In the practice of this invention, an iodide banded silver chloride emulsion reactively associated with a dye image-forming compound is prepared.
It can be contained only in the blue-sensitized silver halide emulsion unit or can be contained in each silver halide emulsion unit. Another useful multicolor of elements of the invention,
The multilayer format is the so-called reverse layer order represented by structure II.

Structure II Green sensitized magenta dye image forming silver halide emulsion unit intermediate layer Red sensitized cyan dye image forming silver halide emulsion unit intermediate layer Blue sensitized yellow dye image forming silver halide emulsion unit ///// support /// //

In this structure, the blue sensitized yellow dye image-forming silver halide emulsion unit is placed closest to the support, then, in order, the red sensitized cyan dye image-forming silver halide emulsion unit, the uppermost green. Sensitized magenta dye image forming silver halide emulsion unit. As shown, the individual units are typically separated from each other by an intermediate layer.

As described in Structure I, the iodide banded silver chloride emulsion can be placed in a blue sensitized silver halide emulsion unit, or in each unit. Yet another suitable multi-color, multi-layer format for elements of the invention is described in Structure III.
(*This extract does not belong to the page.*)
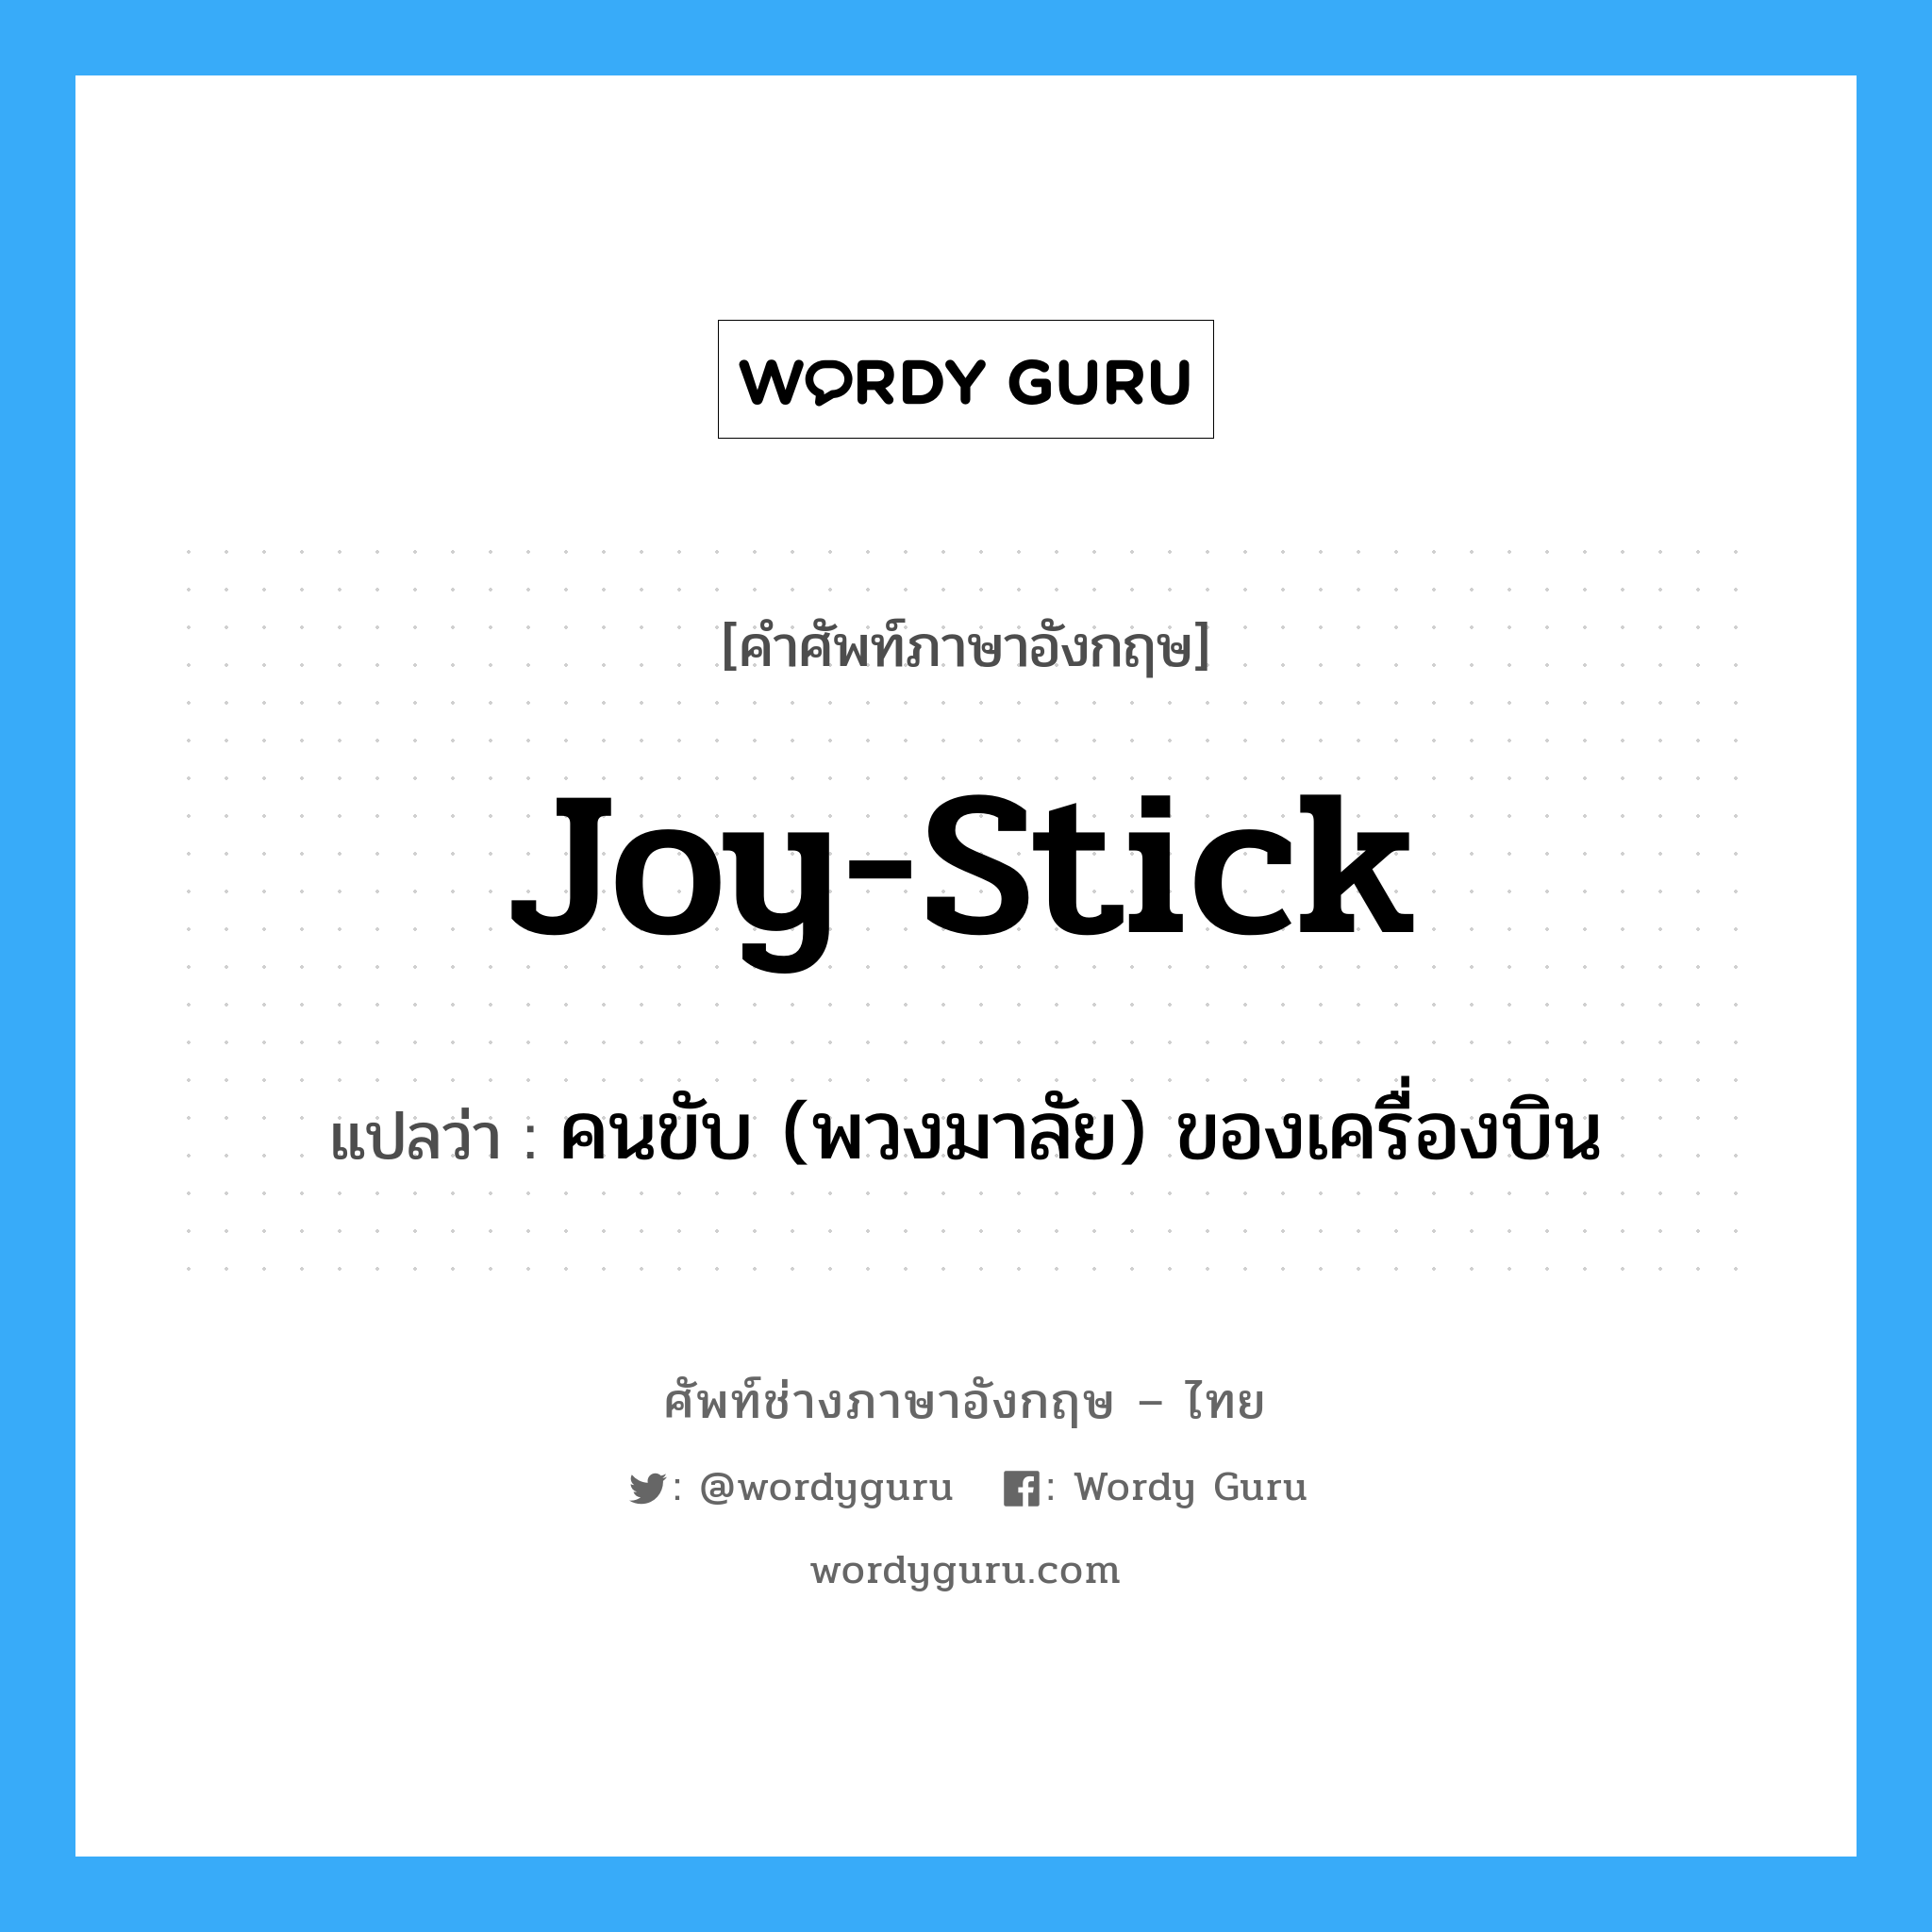 joy-stick แปลว่า?, คำศัพท์ช่างภาษาอังกฤษ - ไทย joy-stick คำศัพท์ภาษาอังกฤษ joy-stick แปลว่า คนขับ (พวงมาลัย) ของเครื่องบิน
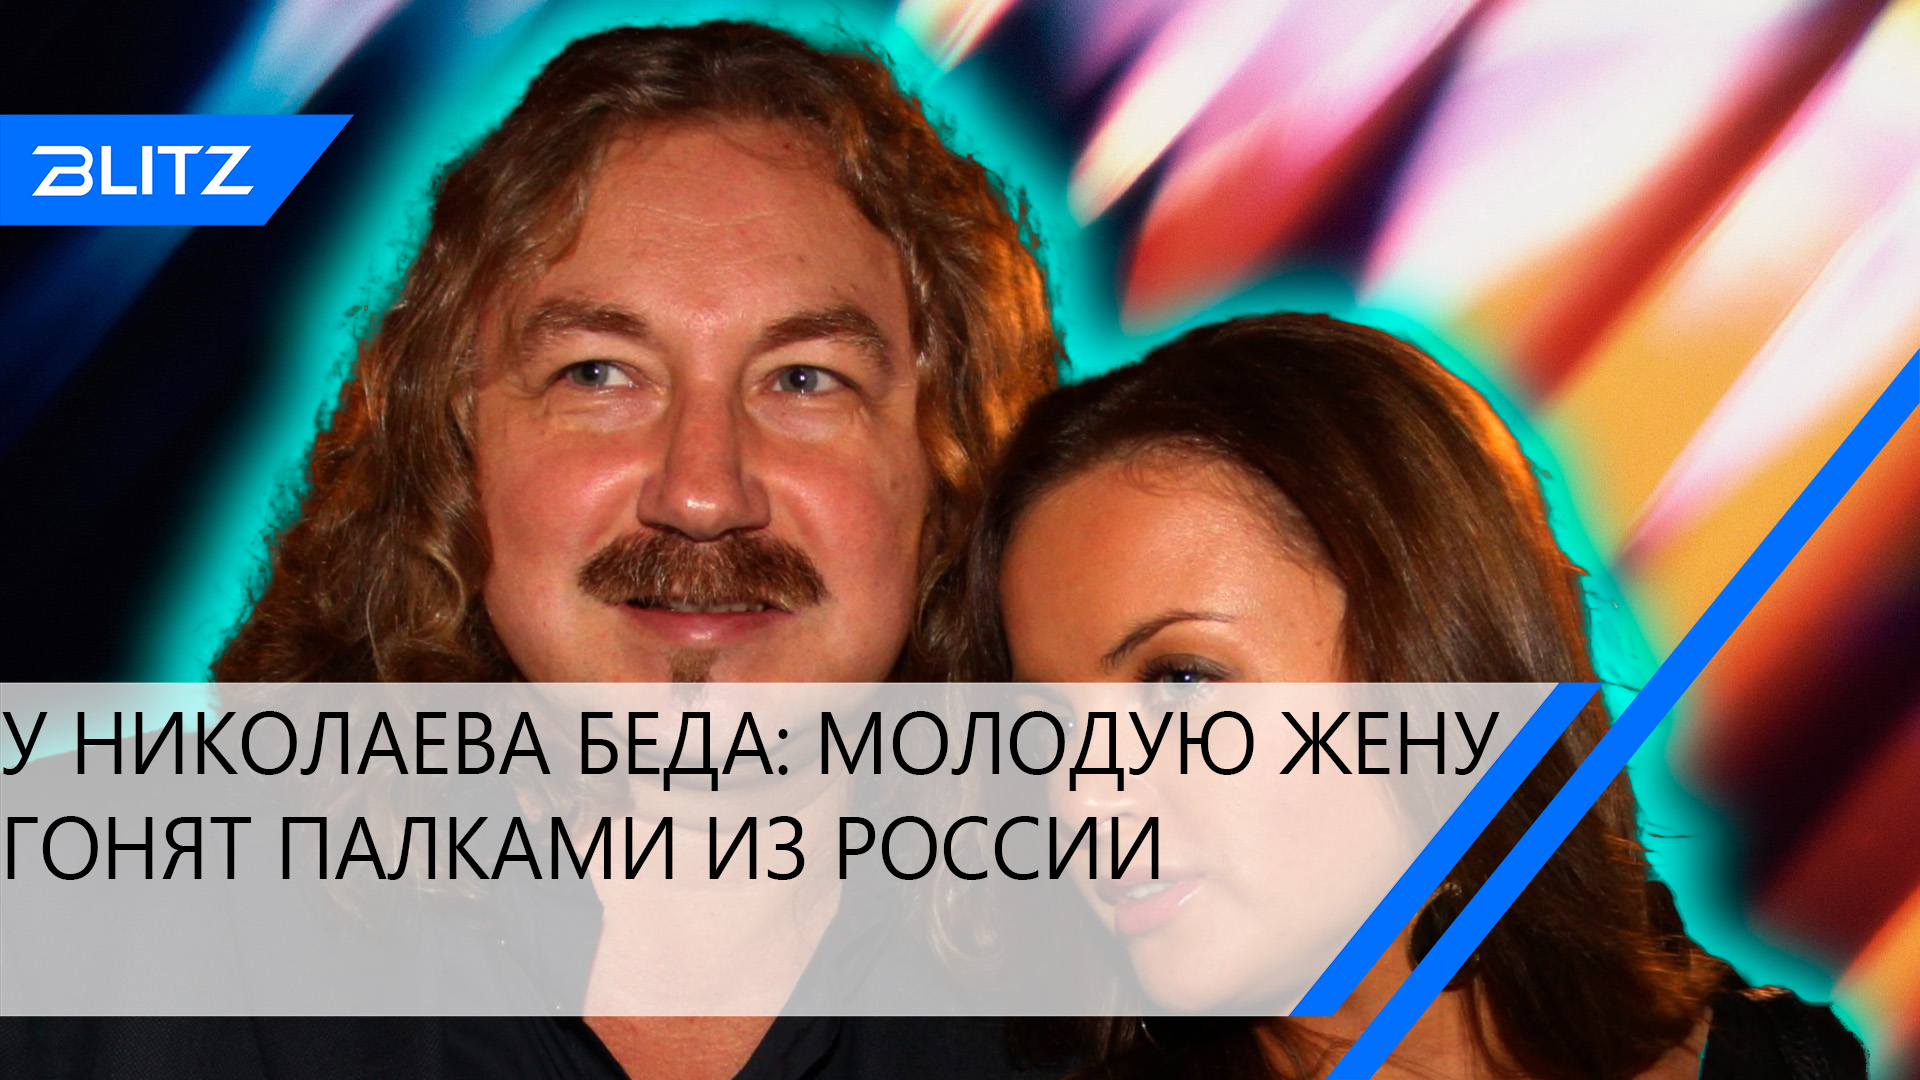 Игорь Николаев и его жена

Structure III Red sensitized cyan dye image forming silver halide emulsion unit intermediate layer Green sensitized magenta dye image forming silver halide emulsion unit intermediate layer Blue sensitized yellow dye image forming silver halide emulsion unit ///// support /// //

In this construction, the blue sensitized yellow dye image-forming silver halide emulsion unit is placed closest to the support, then, in sequence, the green sensitized magenta dye image-forming silver halide emulsion unit, the red color on top. Sensitized cyan dye image forming silver halide emulsion unit. As shown, the individual units are typically separated from each other by an intermediate layer.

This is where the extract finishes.